In its net-zero statements, ExxonMobil makes no reference to Scope 3 emissions; same with Chevron. This is why in their promotional campaigns they can on the one hand be touting reduced emissions — mostly by imposing greater efficiencies on their own energy use — while opposing legislation that would reduce Scope 3 emissions, such as higher miles per gallon or promotion of electric vehicles. By promising to go “net zero,” they, like many other companies, simply move the goalposts or, more accurately, carry the ball to their own 15 yard line and call it a touchdown.
Nor are the oil companies alone in this accounting legerdemain: The shareholder action group As You Sow conducted a study of 55 of the country’s biggest companies and concluded that only six were reducing their emissions at all three levels, many of them while claiming to be going “net zero.” The group includes a listing of the “grades” for the 55 companies’ emissions performance: Microsoft at the top (“A”), Disney at the low end (“D-”) and Tesla at the bottom (“F”).

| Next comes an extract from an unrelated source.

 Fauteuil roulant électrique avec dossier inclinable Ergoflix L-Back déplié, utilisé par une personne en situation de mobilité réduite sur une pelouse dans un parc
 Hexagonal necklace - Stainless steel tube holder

There are, however, ways to go net zero that do represent true declines in emissions. One business group, Science Based Targets, collaborates with the London-based Carbon Disclosure Project (CDP) to work with companies to devise plans that actually get them to net-zero emissions. That includes a commitment to reducing Scope 3 emissions, as well as the other two types. More than 400 global companies — many, but not all, are European — have signed on with policies approved for their emission-reduction potential by the independent CDP. These lists provide a helpful baseline for comparing the veracity of a company’s emission claims.

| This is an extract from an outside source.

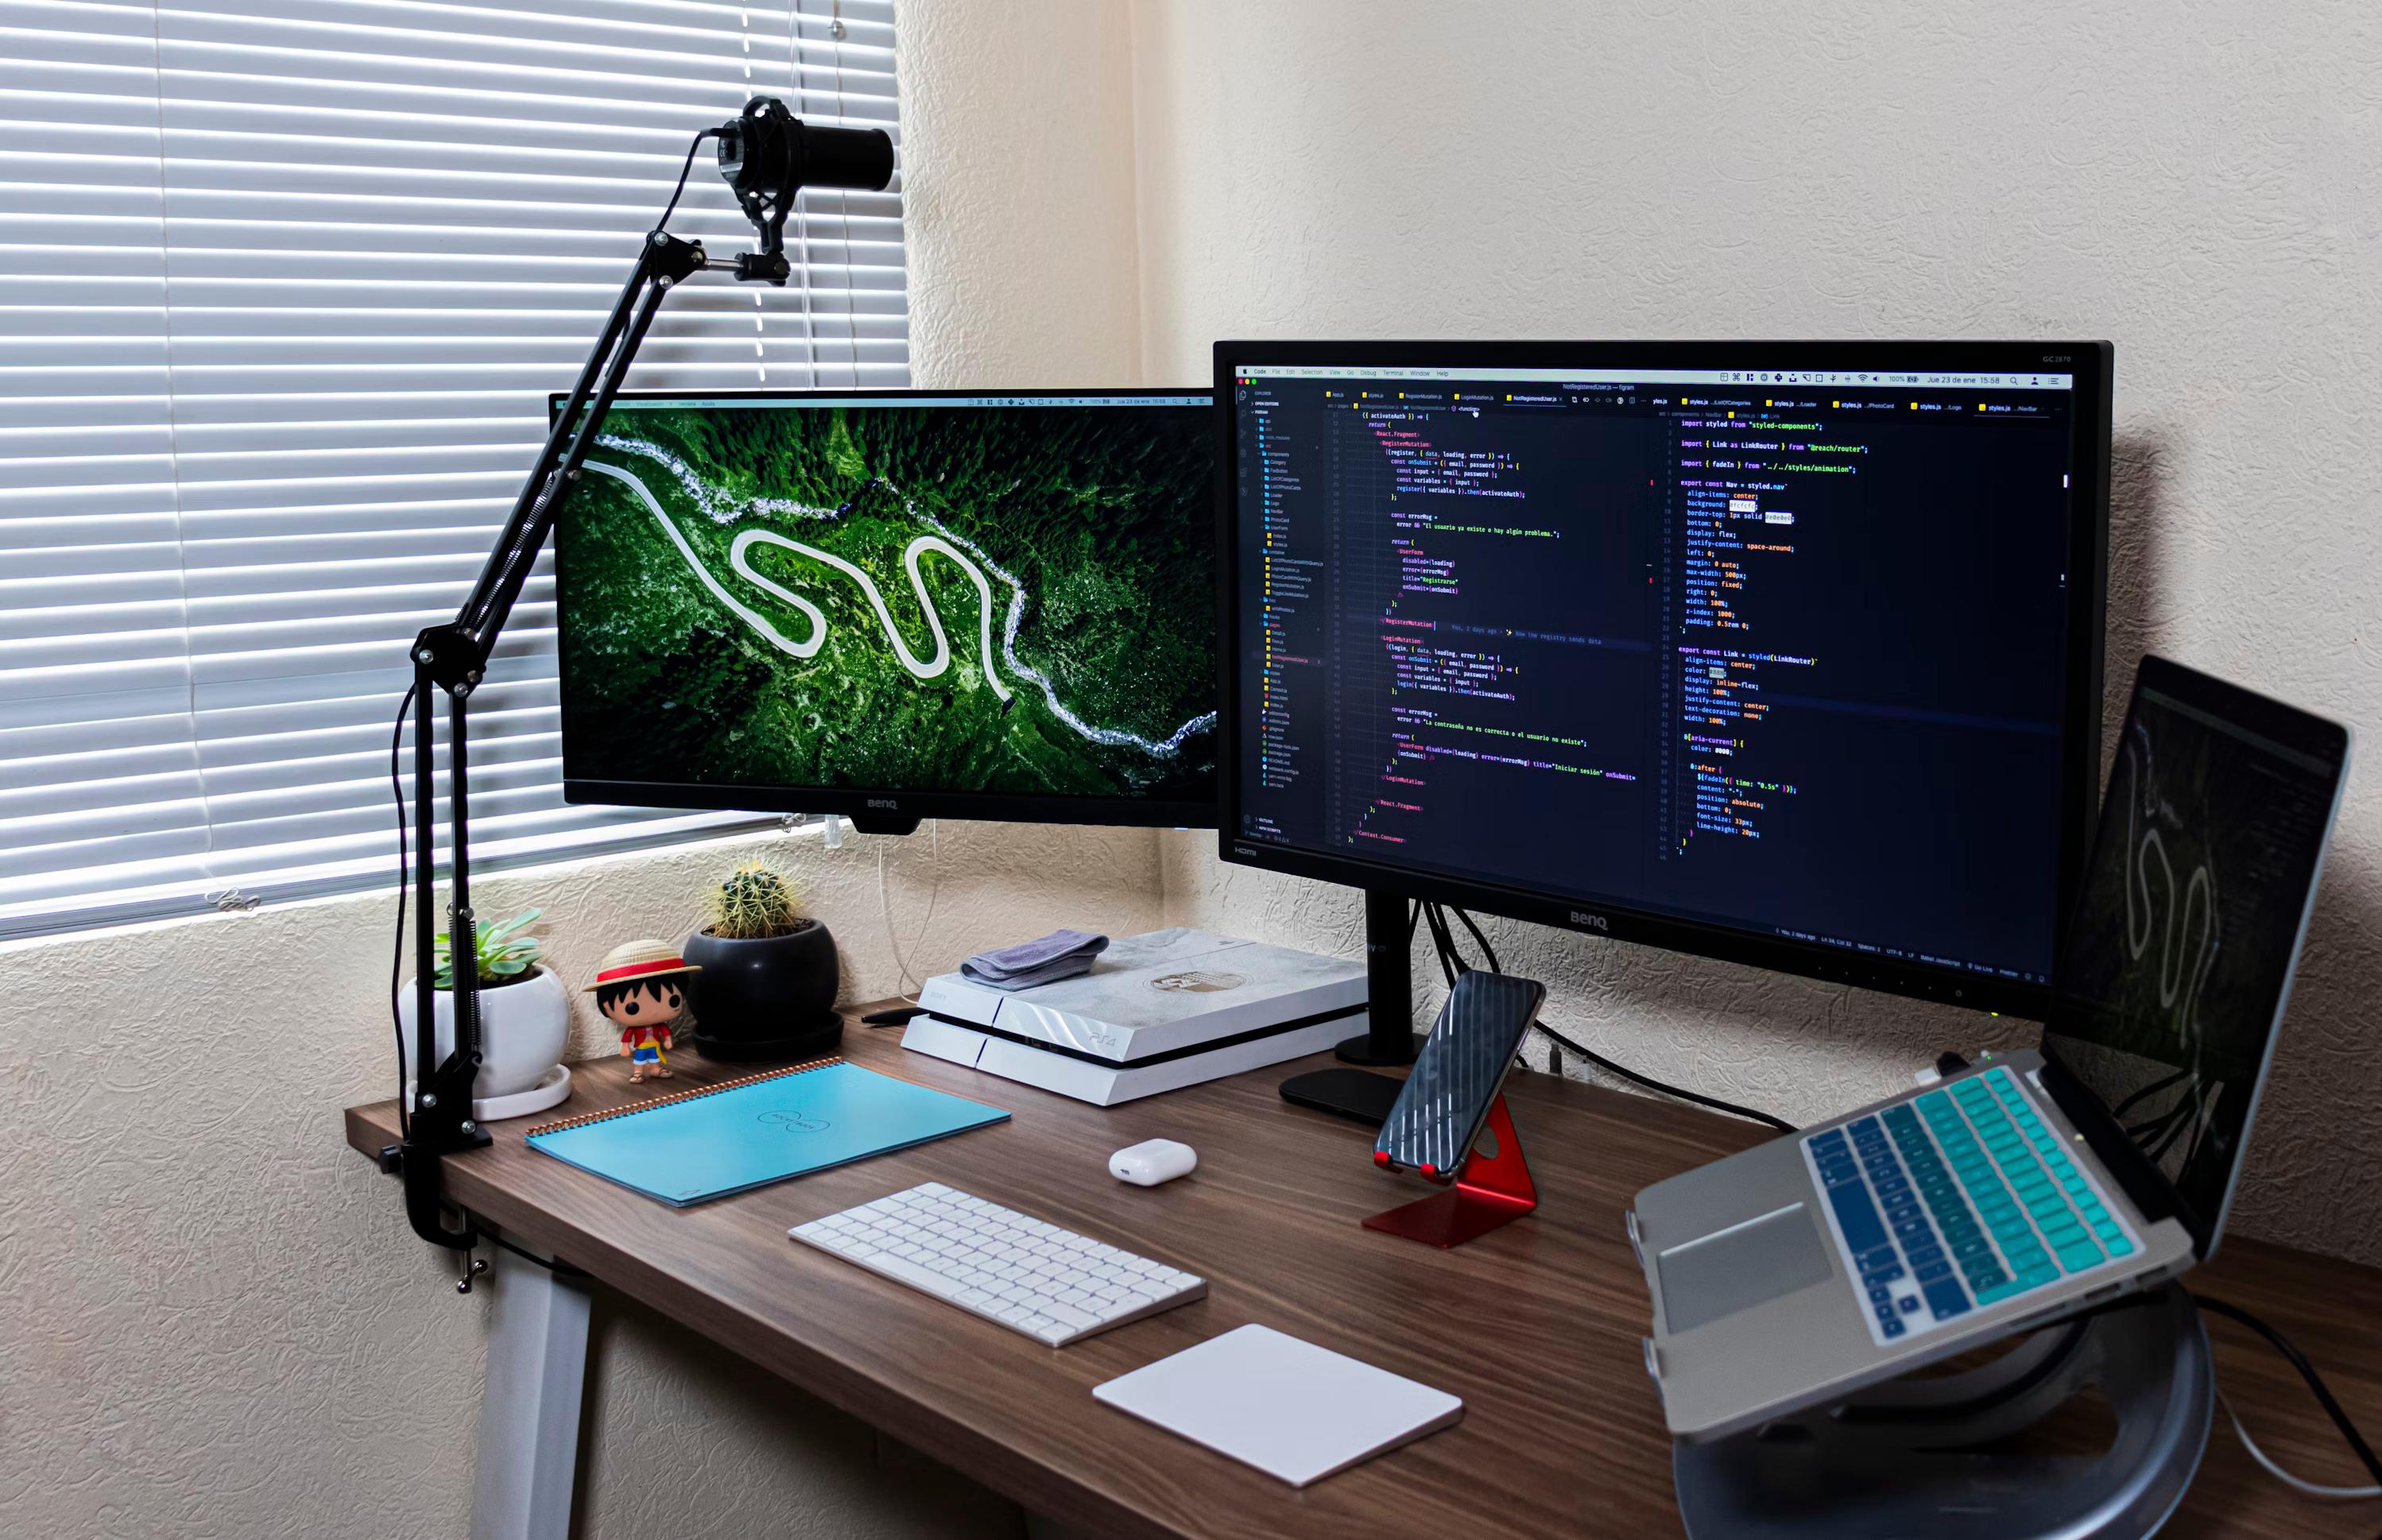 desktop setup with a laptop

The International Energy Agency, the foremost global body conducting research and tracking trends in the global energy industry, also offers a list of actions that could actually lead to “net zero” by 2050. They all involve some version of ending or dramatically reducing our use of fossil fuels. The authors of the IEA report declare, “Achieving net zero emissions by 2050 will require nothing short of the complete transformation of the global energy system.” That’s a pretty high bar, but useful for any journalist trying to assess the veracity of net-zero claims.
The City Climate Sweepstakes
Curious how your city will fare as climate extremes accelerate? Hot off the press: Moody Analytics provides a handy picture of which cities will be facing the greatest economic damage from the climate extremes to come. Moody’s provides a cold-eyed view of the economic consequences of the double-sided extremes — droughts and deluges, the floods and the fires — ahead of us. And why is Moody’s issuing this report? While the rest of us try to survive the disasters, Moody’s clients will either be hit with the losses or reaping the profits. I won’t divulge the most vulnerable cities, but the list is a surprise.